Era el día de mi cumpleaños y mi padre llegó borracho a casa. Debo decir que mi padre era un hombre al que le gustaba mucho beber. Él decía que lo hacía por necesidad, pero yo estoy convencido de que lo hacía por puro placer. A nadie en la familia le sorprendió que llegara en aquel estado, de hecho, estábamos bastante acostumbrados. Lo que nos sorprendió aquel día fue el aspecto que traía consigo. Estaba pálido, descolorido, no parecía él. A eso de las siete de la tarde, pocos minutos antes de sacar el pastel, mi padre se acercó al pequeño mueble que teníamos en el comedor, como hacía todos los días, sacó su botella de whisky y empezó a beber otra vez. Acto seguido, se sentó en el sofá. Recuerdo que todos mis familiares lo miraron avergonzados, como reprochando su acción, pero él no les hizo ni caso. Se sirvió una copa y después otra y, cuando iba por la tercera, su cuerpo se empezó a desvanecer. Fue un fenómeno extraño, inaudito. Nunca le había pasado algo así. Recuerdo la cara de estupefacción de mi madre, también recuerdo que, en más de una ocasión, mi tío le pidió que lo dejara. Era inútil. Su afición por la bebida era demasiado poderosa y nadie podía pararlo. Cuando ya solo le quedaba el culo de la botella, apenas podíamos verlo.

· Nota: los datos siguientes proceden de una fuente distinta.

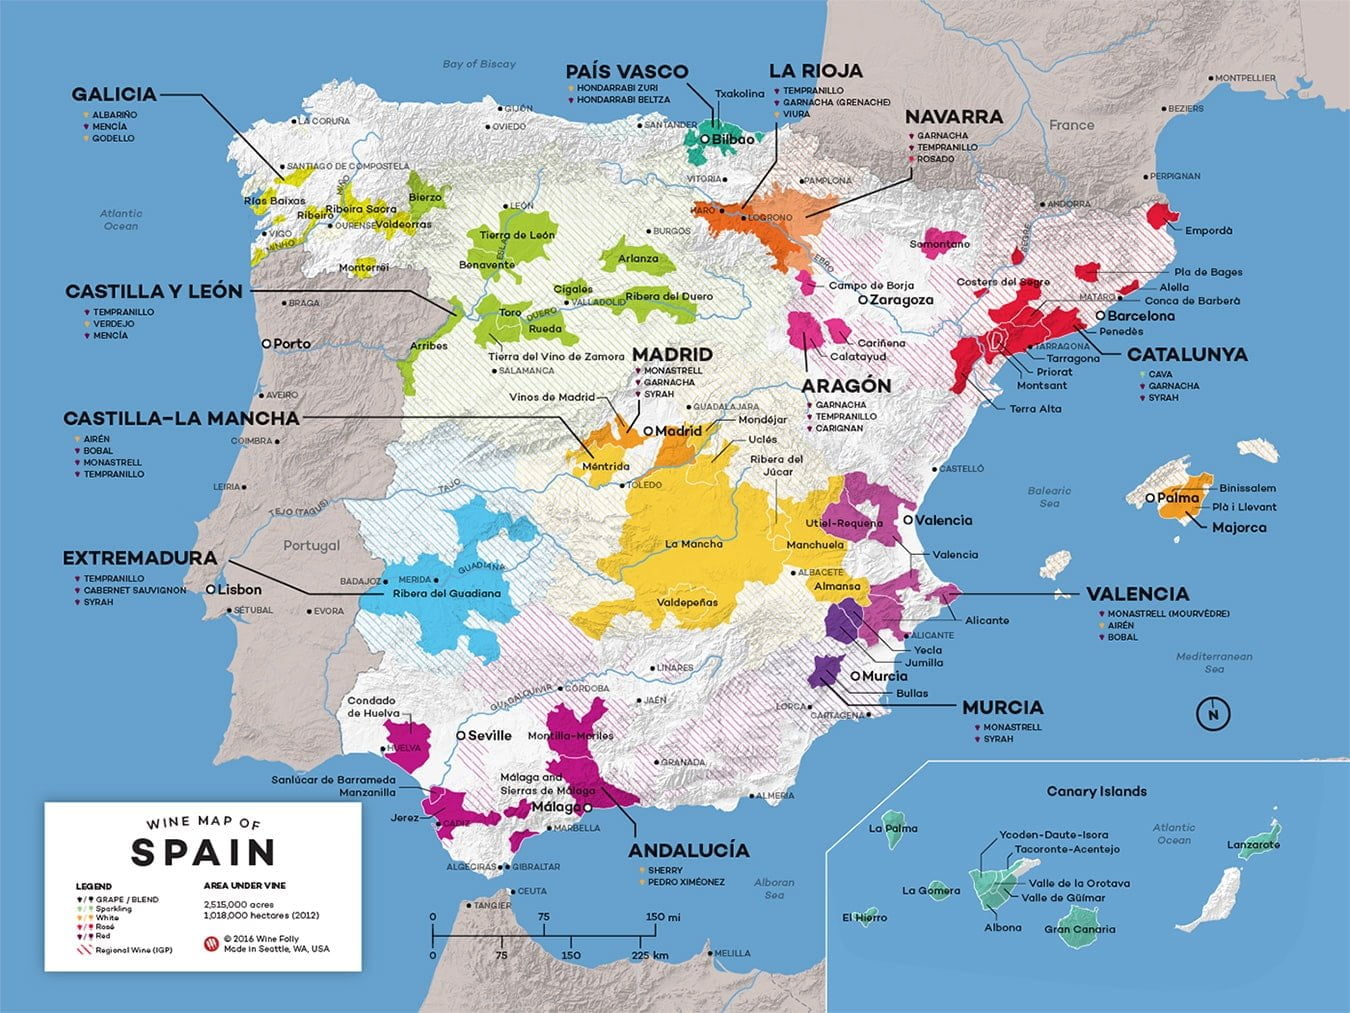 Vinkort over Spanien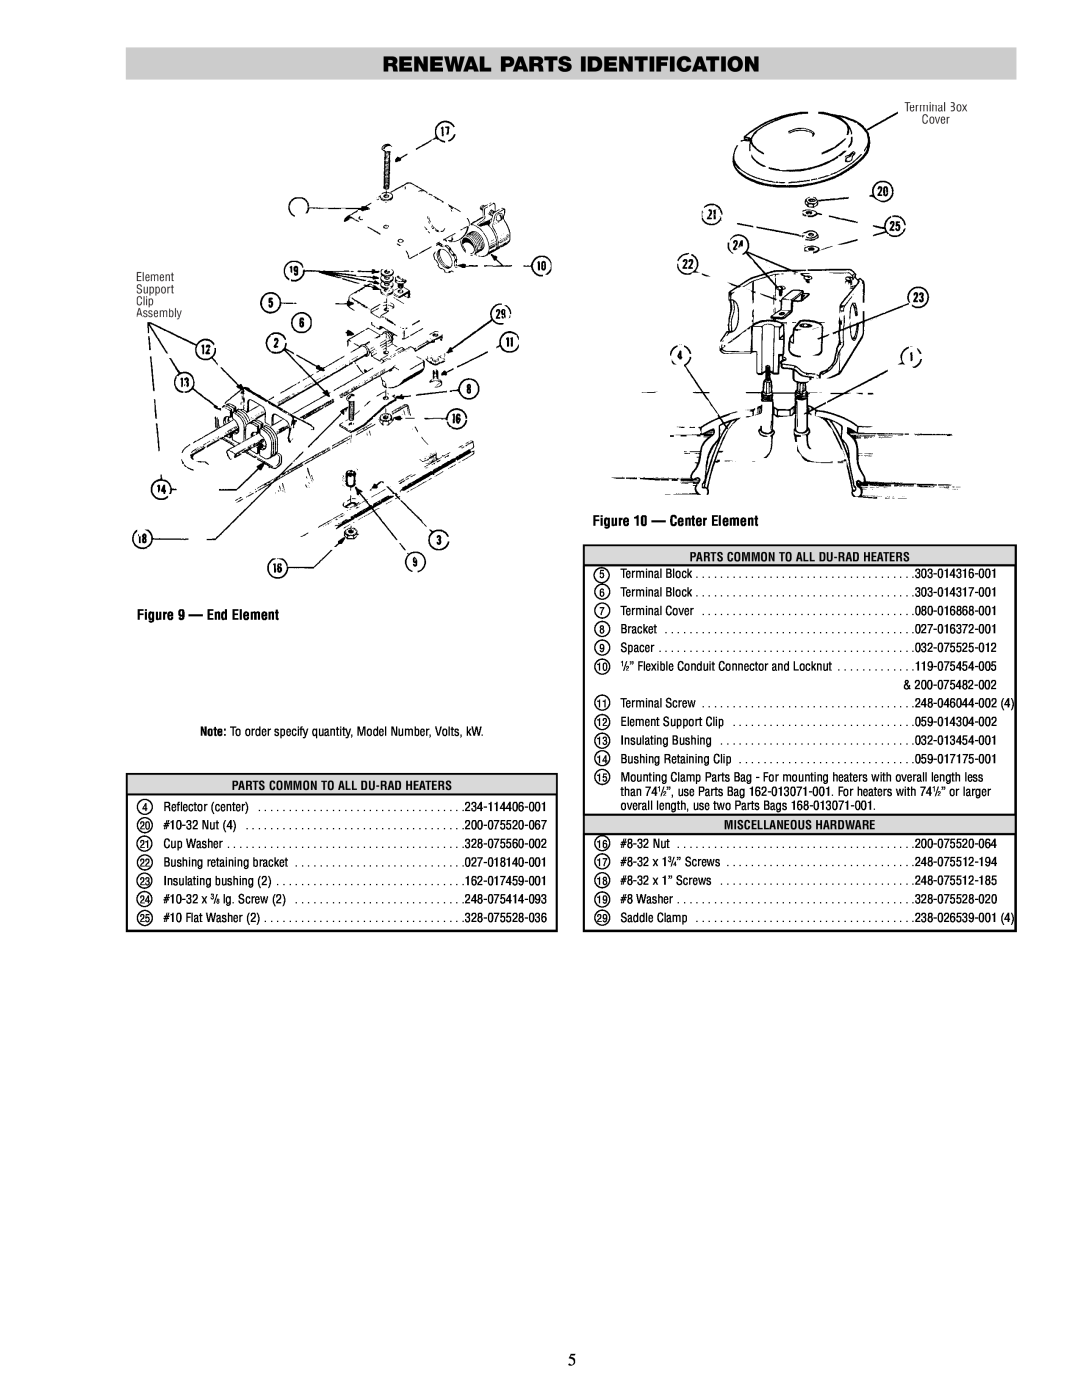 Chromalox DU-RAD-458 6.04 757 specifications Renewal Parts Identification, End Element, Center Element

Su cuerpo se había fundido con el color azul verdoso de los cojines del sofá. Todos estábamos desconcertados. Él no paraba de repetirnos que aquello era algo de lo más normal. Finalmente, llegó el momento que todos estábamos esperando. Mi familia se reunió alrededor de la mesa para que yo soplara las velas. Mi padre, ni se movió. Pusieron la tarta delante de mí y me dijeron que cerrara los ojos para pedir un deseo. Justo en ese momento, él se servía su última copa. Abrí los ojos con determinación, miré las velas como si fueran un enemigo al que debía vencer, y soplé con todas mis fuerzas. Cuando se apagaron, todos aplaudieron emocionados. Yo, por mi parte, dirigí los ojos hacia el sofá. Fue entonces cuando me di cuenta de que mi deseo se había cumplido. Mi padre acababa de desaparecer.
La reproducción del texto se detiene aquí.